In the above two examples, one with beam_width 128 is giving duration 0.38 and the beam_width 64 is giving duration 0.68, which seems to be more closer to the actual scenario. But the start time is still not accurate.
Why beam_width is making a big difference in the duration calculation here?

cnair-83 on 28 May 2020

The problem with start_time for the first word is that, showing the time step at which it recognise the first letter, that means the time step at the end of that letter. Ideally we should get the time step at which the start of the first letter. But with the current implementation, it is difficult to get the start time of the first letter of the starting word.

For in the above example, in case of word alexa, the letter 'a' is recognised at the time step 38(0.76 ms), that is the end of letter 'a', ideally the word starts at time step 33(0.66 ms) where the letter 'a' starts.

cnair-83 on 2 Jun 2020

For in the above example, in case of word alexa, the letter 'a' is recognised at the time step 38(0.76 ms), that is the end of letter 'a', ideally the word starts at time step 33(0.66 ms) where the letter 'a' starts.

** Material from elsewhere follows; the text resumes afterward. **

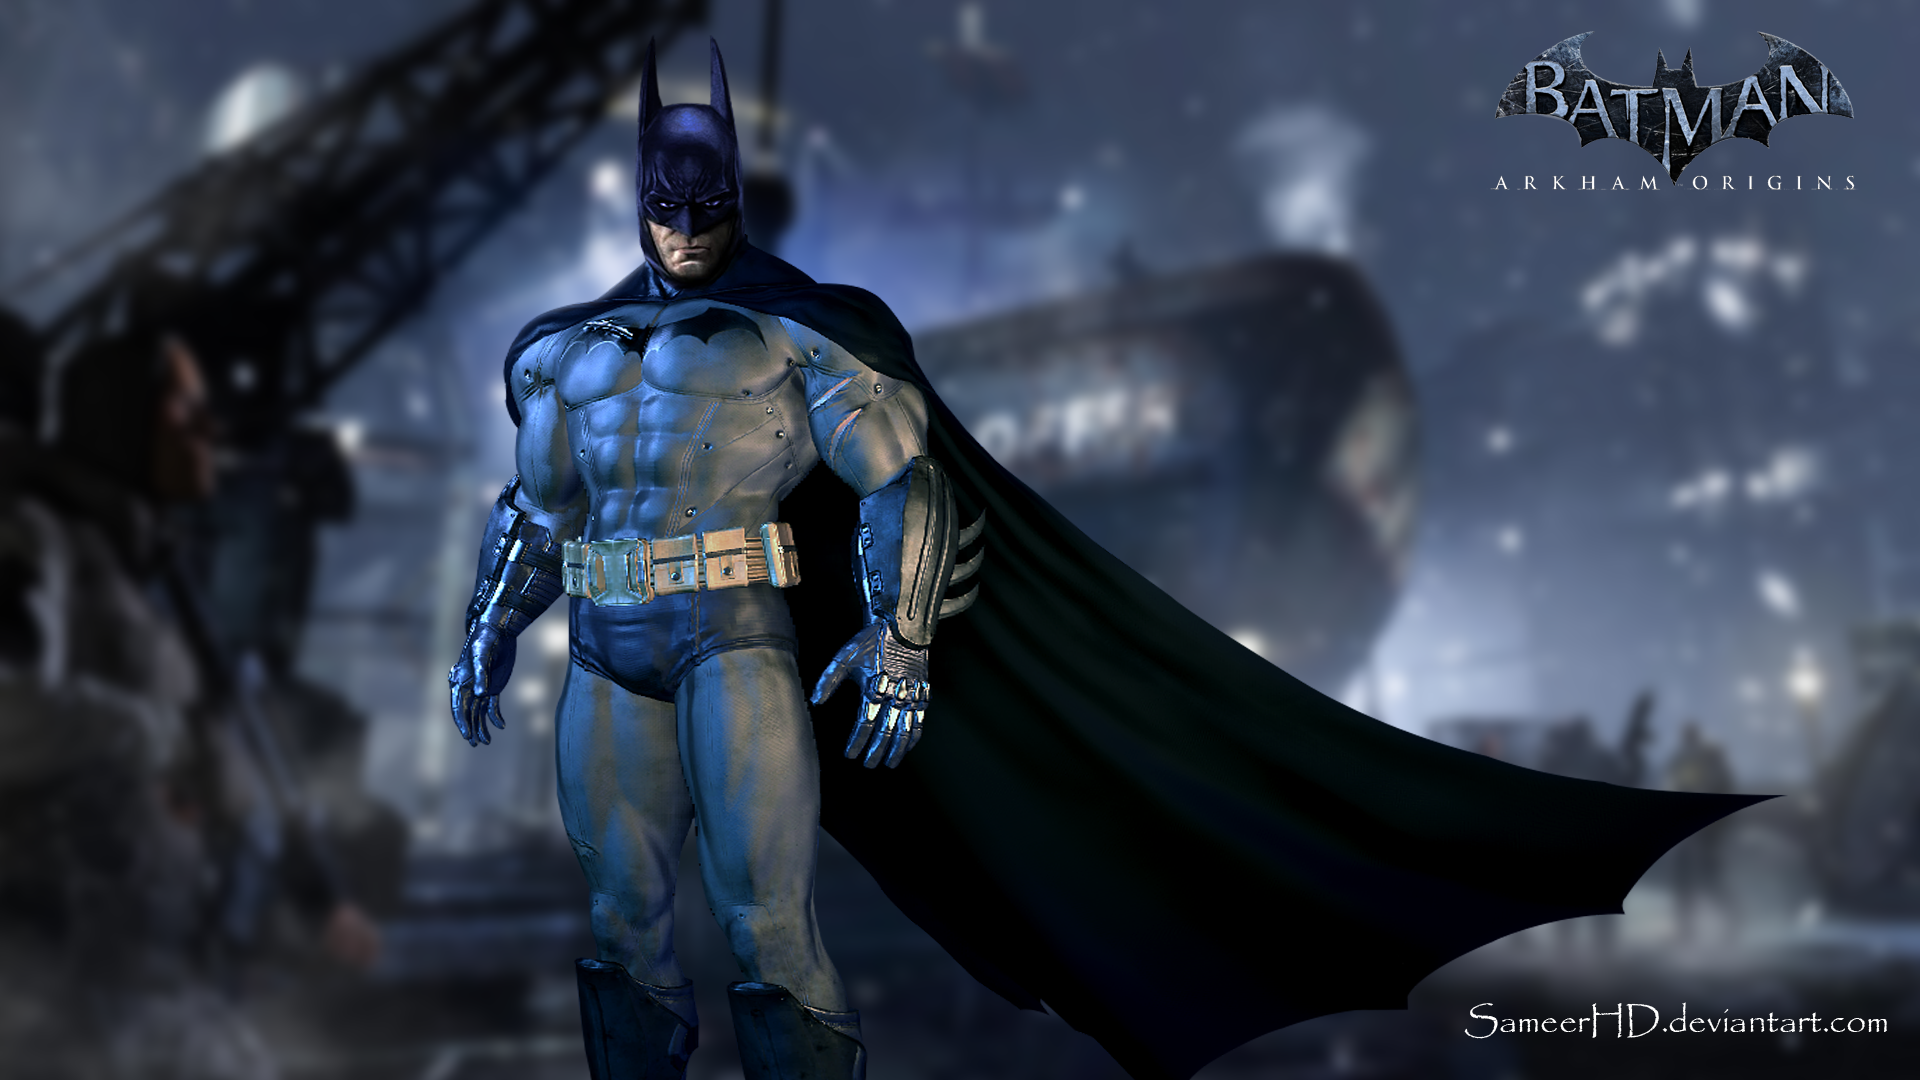 Batman Arkham Origins Wallpaper By SameerHD

Do you reproduce with other words that would not start / end with the same letter?

lissyx on 2 Jun 2020

./deepspeech --model deepspeech-0.7.0-models.tflite --scorer deepspeech-0.7.0-models.scorer --audio ../../test_data/en-US_testing/pcm_general_ckohls_american_accent/withagc/1583528025758_but_as_the_name_of_the_russian_president.wav --json --beam_width 512 TensorFlow: v1.15.0-24-gceb46aa DeepSpeech: v0.7.0-0-g3fbbca2 INFO: Initialized TensorFlow Lite runtime. audio_format=1 num_channels=1 sample_rate=16000 (desired=16000) bits_per_sample=16 res.buffer_size=96000 { "metadata":{"confidence":-44.8398},"words":[{"word":"**what**","time":**0.54**,"duration":0.12},{"word":"is","time":0.68,"duration":0.1},{"word":"the","time":0.8,"duration":0.08},{"word":"name","time":0.92,"duration":0.16},{"word":"of","time":1.1,"duration":0.12},{"word":"the","time":1.24,"duration":0.0999999},{"word":"russian","time":1.38,"duration":0.32},{"word":"president","time":1.8,"duration":0.4}], "alternatives":[ {"metadata":{"confidence":-37.1093},"words":[{"word":"what","time":0.54,"duration":0.12},{"word":"is","time":0.68,"duration":0.1},{"word":"the","time":0.8,"duration":0.08},{"word":"name","time":0.92,"duration":0.16},{"word":"of","time":1.1,"duration":0.12},{"word":"the","time":1.24,"duration":0.0999999},{"word":"russian","time":1.38,"duration":0.32},{"word":"resident","time":1.8,"duration":0.4}]}, {"metadata":{"confidence":-38.2863},"words":[{"word":"what","time":0.54,"duration":0.12},{"word":"is","time":0.68,"duration":0.1},{"word":"the","time":0.8,"duration":0.08},{"word":"name","time":0.92,"duration":0.16},{"word":"of","time":1.1,"duration":0.12},{"word":"the","time":1.24,"duration":0.0999999},{"word":"russian","time":1.38,"duration":0.32},{"word":"present","time":1.8,"duration":0.42}]} ] }

In this example also, for the first word 'what' the start_time is 0.54 ms, that is the time step where the letter 'w' ends. Ideally the start time of the word 'what' is 0.47 ms, where the letter w starts.
Please find the sample file at https://drive.google.com/drive/folders/1oYwmXVswgJUpfZDHu8r1GDJmSUjaMkfB?usp=sharing

cnair-83 on 2 Jun 2020

In this example also, for the first word 'what' the start_time is 0.54 ms, that is the time step where the letter 'w' ends. Ideally the start time of the word 'what' is 0.47 ms, where the letter w starts.

I think I remember discussions around that specifically when the feature was landed and we had to find a middle ground that works for any language. @reuben might be able to shed more light, since he was reviewing that code :/

lissyx on 2 Jun 2020

I don't remember any specific choice of first vs last letter being decided on, or even coded. I think what you're seeing is just a coincidence. If you can figure out a better way to capture the timings, PRs are welcome. But the first task would be to collect a diverse set of audios as a test set to show that your changes don't regress timings too badly on files that aren't your own.